#### PROBLEM DETAILS:
Nothing but the lines from the one containing "Tony Lama Tony" through the last line of the material should appear in the answer, transcribed exactly, pictures excluded.

#### MATERIAL PROVIDED:
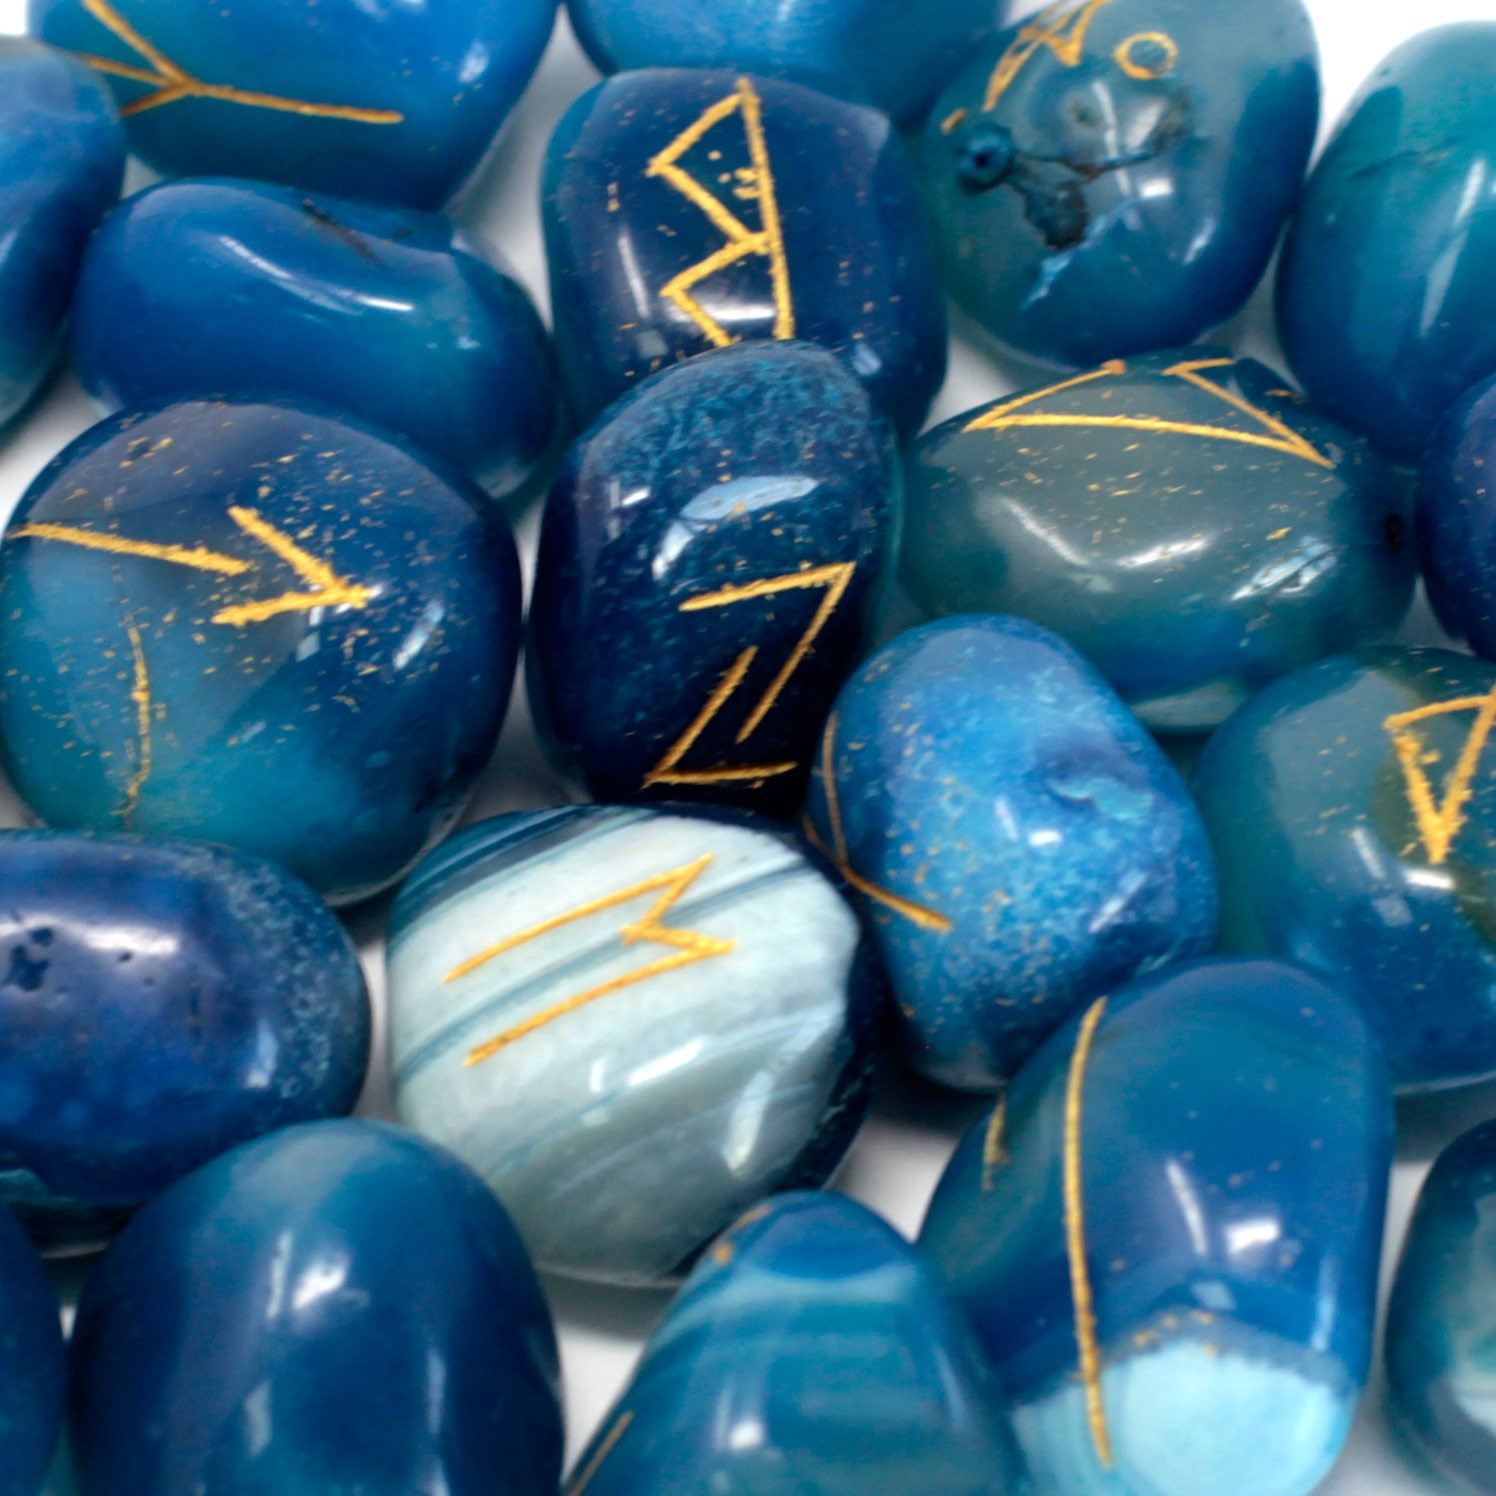 Runové Kameny: nositelé písmen, symbolů a duchovní energie
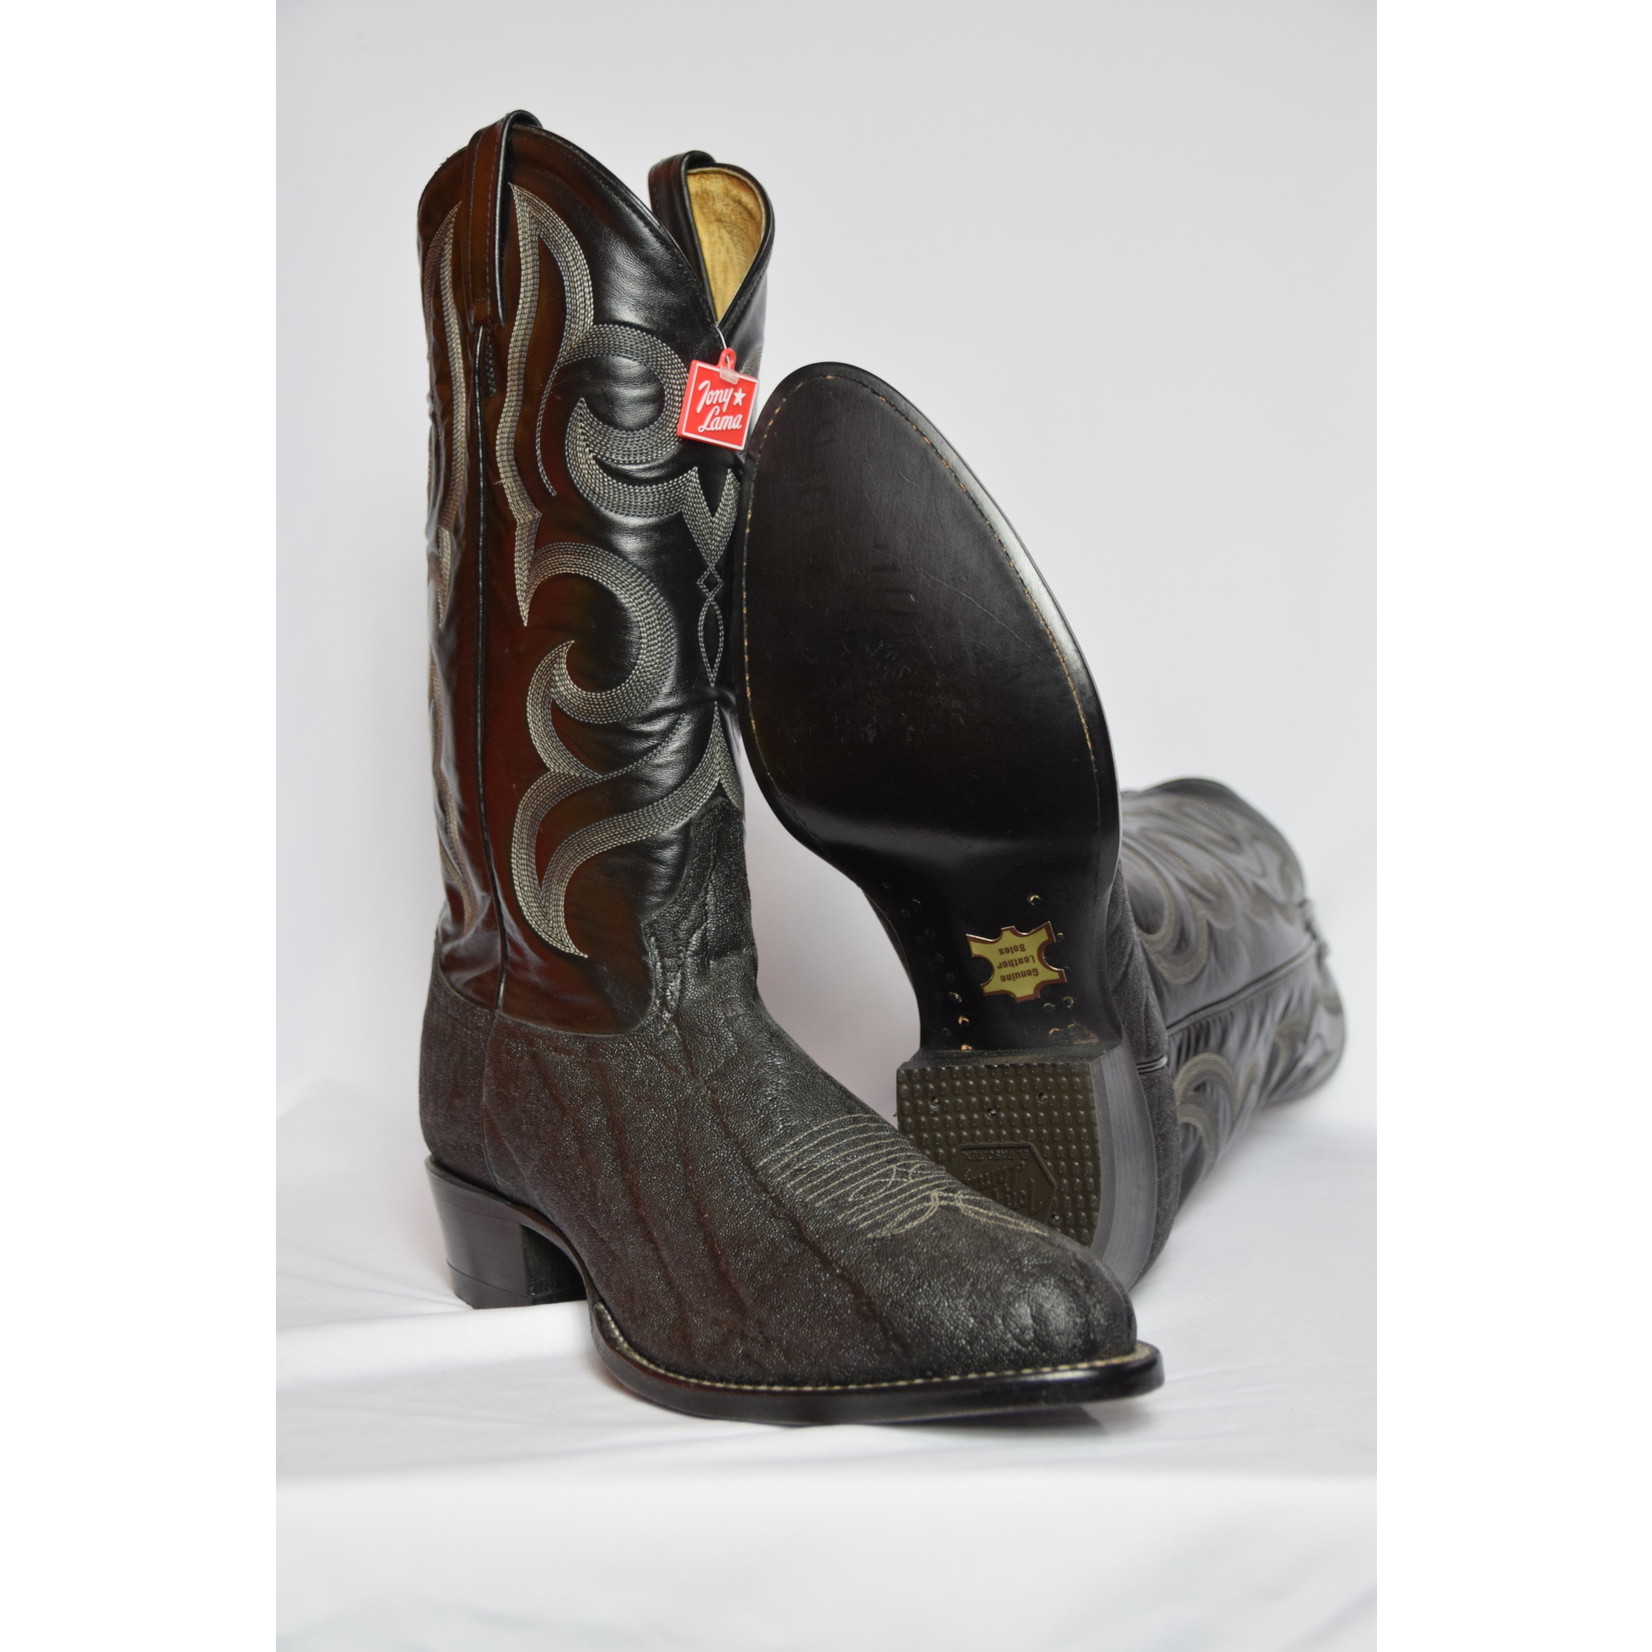 Tony Lama Tony Lama Men’s Exotic Cowboy Boot 3220 2E
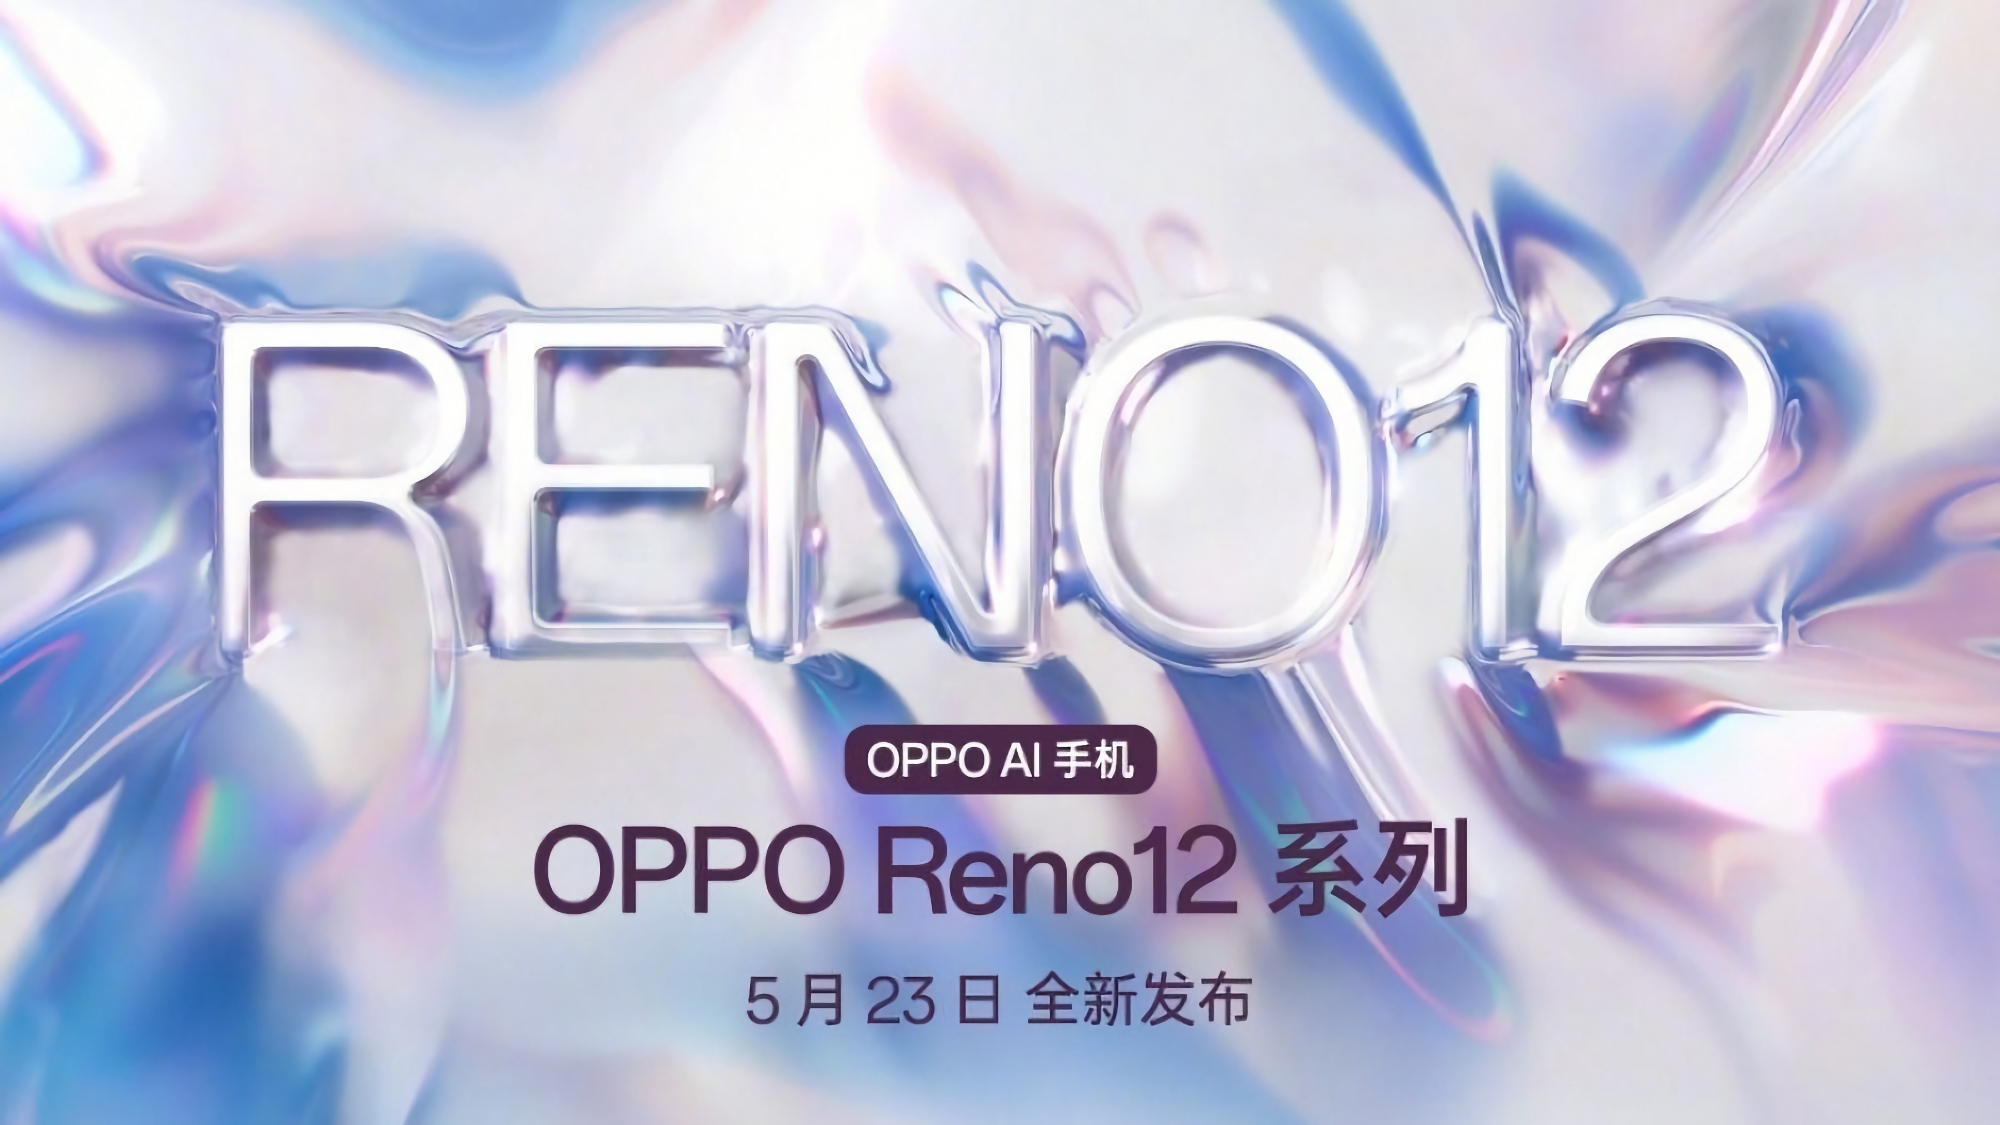 Ya es oficial: la serie de smartphones OPPO Reno 12 debutará el 23 de mayo

#### EXERCISE RESPONSE:
 Tony Lama Tony Lama Men’s Exotic Cowboy Boot 3220 2E
 Ya es oficial: la serie de smartphones OPPO Reno 12 debutará el 23 de mayo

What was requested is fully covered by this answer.